Each case was followed from the date of the suicide attempt until the first repetition, censored or end of follow-up. This information was used to estimate survival curves for repeated suicide attempts and to calculate repetition proportion. The Kaplan-Meier method was used to estimate survival curves (Allison, Reference Allison2010).

The variables were analysed in a proportional Cox regression model, stratified by year and returning hazard ratios (HRs), CIs and p values. The hazard ratio is a measure of the relative difference in hazard rates between an exposed and an unexposed group. The hazard rate is the likelihood of having the outcome in the next time period. The model assumed proportional HRs over time, and this could be verified by testing for statistically significant interaction between time and exposure (‘any antidepressant’ or ‘only SSRIs’). All interactions were non-significant. Therefore, the assumptions of proportionality were fulfilled for the two factors (Allison, Reference Allison2010).

Results

A total of 1842 individuals survived a suicide attempt in 2012–2015 and were followed from the date of the attempt until the first repetition or end of follow-up. This resulted in 2052 cases and included 210 repetitions. The total follow-up time of the cohort was 2974.50 years (average: 1.61 years, s.d.: 1.15, min: 0, max: 16), with a total of 2824.50 years (average: 1.73 years, s.d.: 1.14, min: 0, max: 16) for those without repetition and a total of 150 years (average: 0.71 years, s.d.: 0.78, min: 0, max: 14) for those with repetition.

Survival analysis

An estimate of the Kaplan-Meier survival curve for repetition was calculated (figure not shown). The curve was steepest at the beginning of the follow-up period, which indicates higher risk in the period immediately after a suicide attempt. The risk decreased as the time since the last suicide attempt increased. The risk of repetition was estimated to be 17.69% in the follow-up period.

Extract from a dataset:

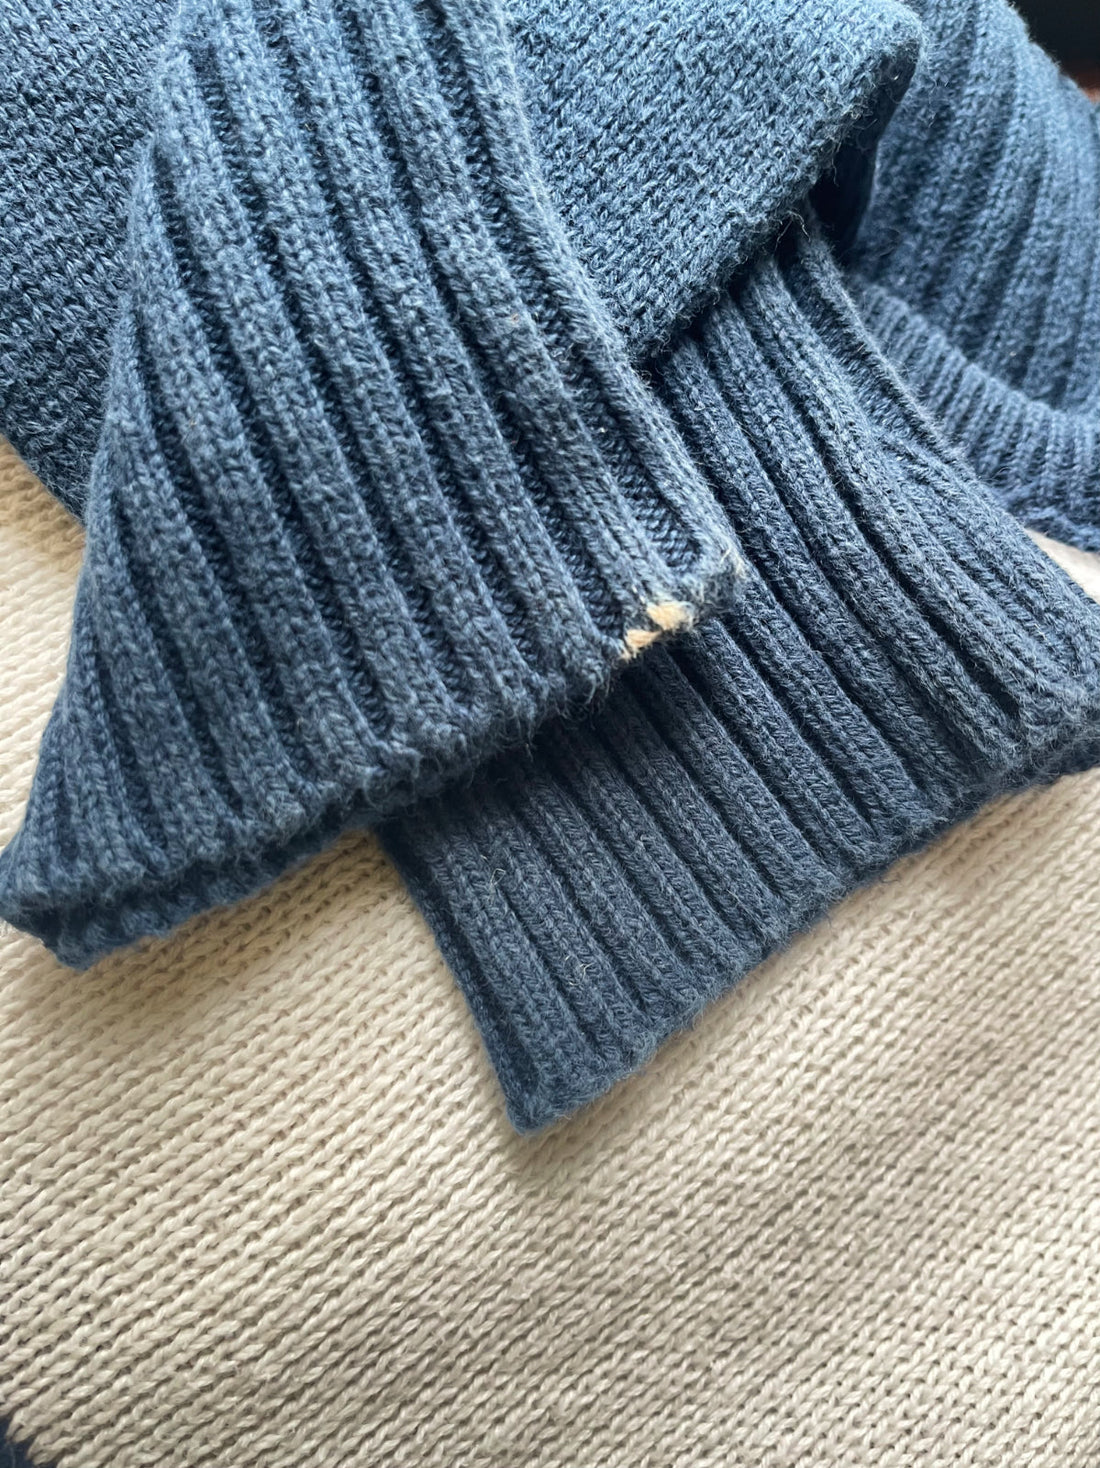 Vintage 84' Penn State Sweater-closiTherapi | vinTage

Figure 2 shows the risk of repeated suicide attempt in individuals who redeemed a prescription for any antidepressant compared to individuals who did not redeem a prescription. The highest risk of repetition was seen for the group who redeemed a prescription, and the difference was statistically significant (log-rank test p = 0.0142). The two groups showed the same overall pattern, but the prescription group was more likely to make a repetition at any time during the follow-up period. Similar results were seen for redeemed prescriptions for only SSRIs (also shown in Fig. 2). After 1.5 years, the risk of repetition in the next period of time seemed to be approximately the same in the SSRI group and the group redeeming no SSRI prescriptions (the two curves are parallel and have similar slopes).

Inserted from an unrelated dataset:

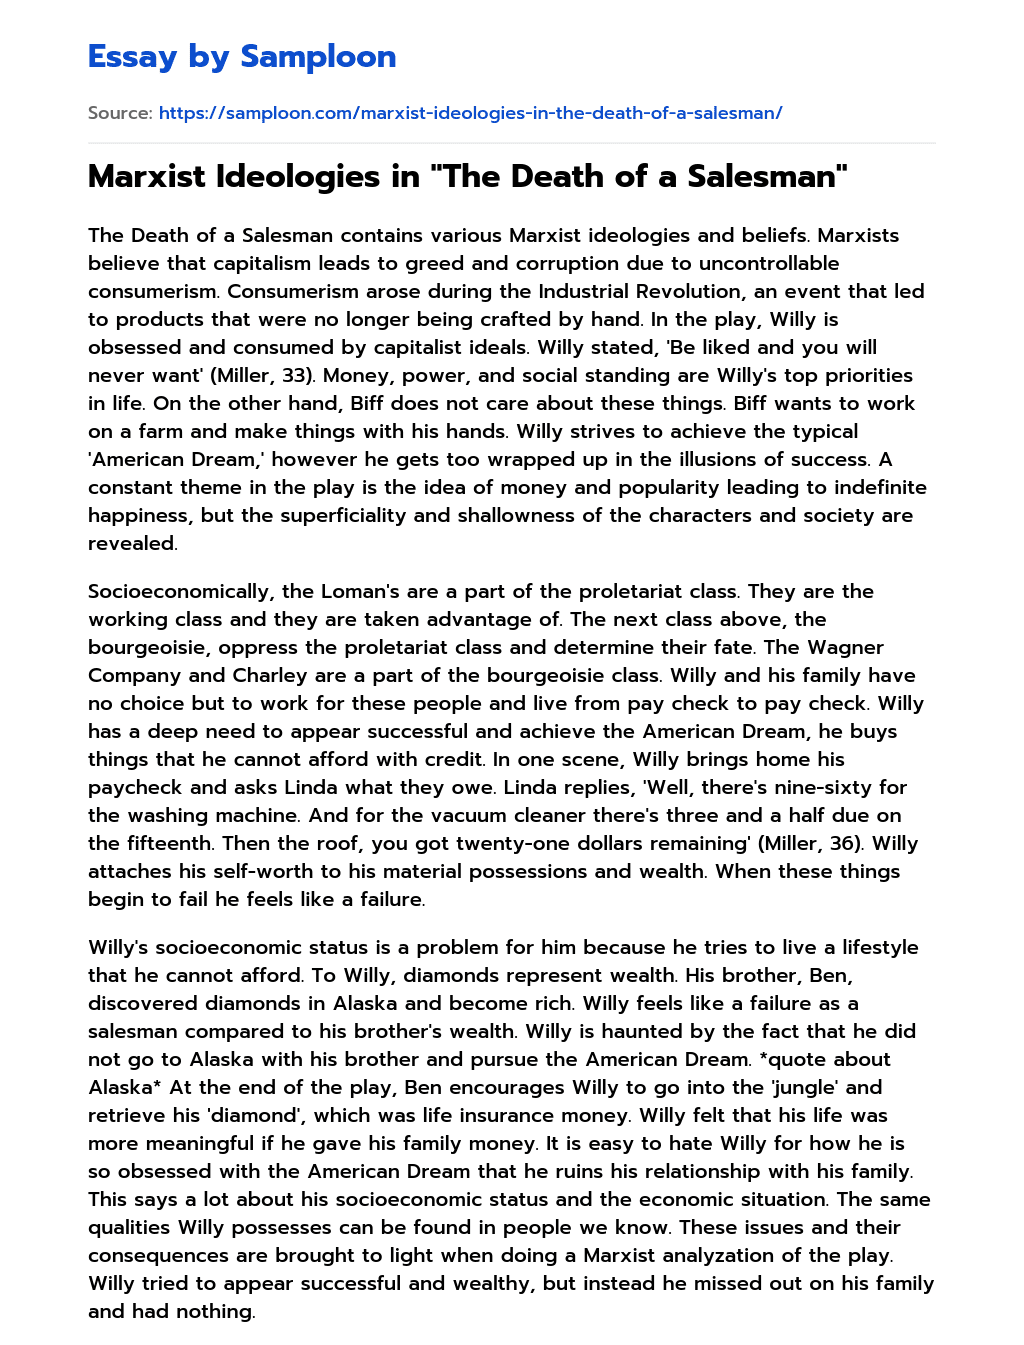 Marxist Ideologies in “The Death of a Salesman” essay

Fig. 2. Risk of repeated suicide attempt and antidepressants.

Cox regression models

In Table 1, the risk of repetition is shown as HRs. In the simplest model (crude estimate), the association between ‘any antidepressant’ (or ‘only SSRIs’) and the risk of repetition was significantly higher for those redeeming a prescription; this was seen in all models (HR: 1.38 to 1.81). The crude estimates were not controlled for possible confounders, and this could have biased the estimated association. In all advanced models (models 2 and 3), the HR was above 1, and the redeeming group was thus more likely to make a repetition. When model 2 was used, ‘any antidepressant’ and ‘only SSRIs’ showed similar risk level, with an increased risk around 30% (HR≈1.30). When model 3 was used, ‘only SSRIs’ showed slightly higher risk (HR≈1.30) for repetition compared to ‘any antidepressant’ (HR≈1.10). Therefore, model 3 was representing the real world the best. In model 2 (adjusted estimate) and model 3 (propensity score estimates), the association became statistically insignificant in all models.

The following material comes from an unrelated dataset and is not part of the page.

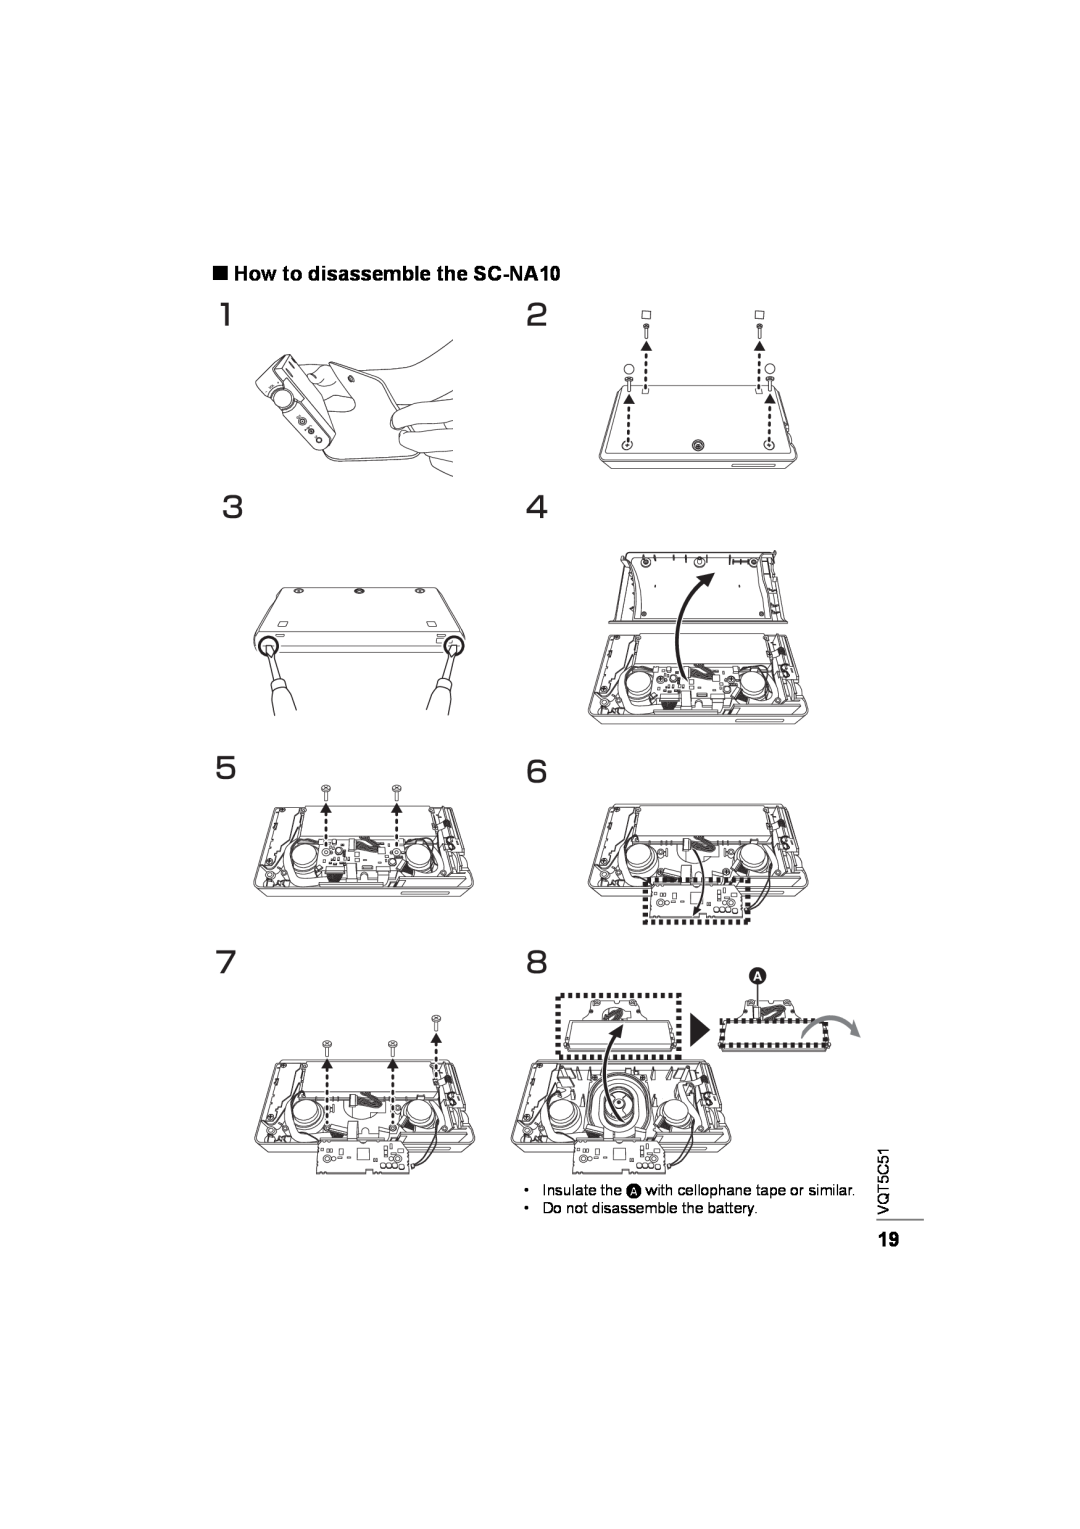 Panasonic SC-NA30/SC-NA10 manual How to disassemble the SC-NA10

Table 1. Estimates of hazard ratio on repetition of suicide attempts, by structure and type of model

*p < 0.01, **p < 0.0001.

a Antidepressant included as static dichotomous covariate.

b Antidepressant included as time-dependent dichotomous covariate.

c Antidepressant included as dynamic time-dependent dichotomous covariate.

The same confounders were included in both the adjusted models of ‘any antidepressant’ and the adjusted models of ‘only SSRIs’, and they showed similar estimates. Therefore, we report only the HR estimates based on the ‘any antidepressant’ models (Table 2).

Table 2. Adjusted model estimates of hazard ratio

*p < 0.01, **p < 0.0001.

a Antidepressant included as dynamic time-dependent dichotomous covariate.

Table 2 includes estimates of HRs for all other factors (confounders). The factors can be divided into two domains: demographic conditions and treated mental illness. Only a few of the demographic factors are significant, the most important being that individuals with the lowest income have the highest risk, HR 1.98, CI (1.38–2.82). Not all mental illness factors were significant in the adjusted analysis, but contact to a psychiatric department during follow-up tripled the risk, HR 3.09, CI (2.00–4.77), use of SSRIs prior to the index attempt increased the risk, HR 1.53, CI (1.02–2.31), use of antipsychotics before the index attempt increased the risk, HR 1.51 (CI 1.02–2.31), and use of anxiolytics during follow-up increased the risk of repetition, HR 1.68, CI (1.19–2.36). All these factors were statistically significant, although with relatively wide CIs.

The likelihood of redeeming a prescription for antidepressants or SSRIs during follow-up (the propensity score) was estimated, and both means and standard deviations of the redeeming and non-redeeming groups are reported in Table 3.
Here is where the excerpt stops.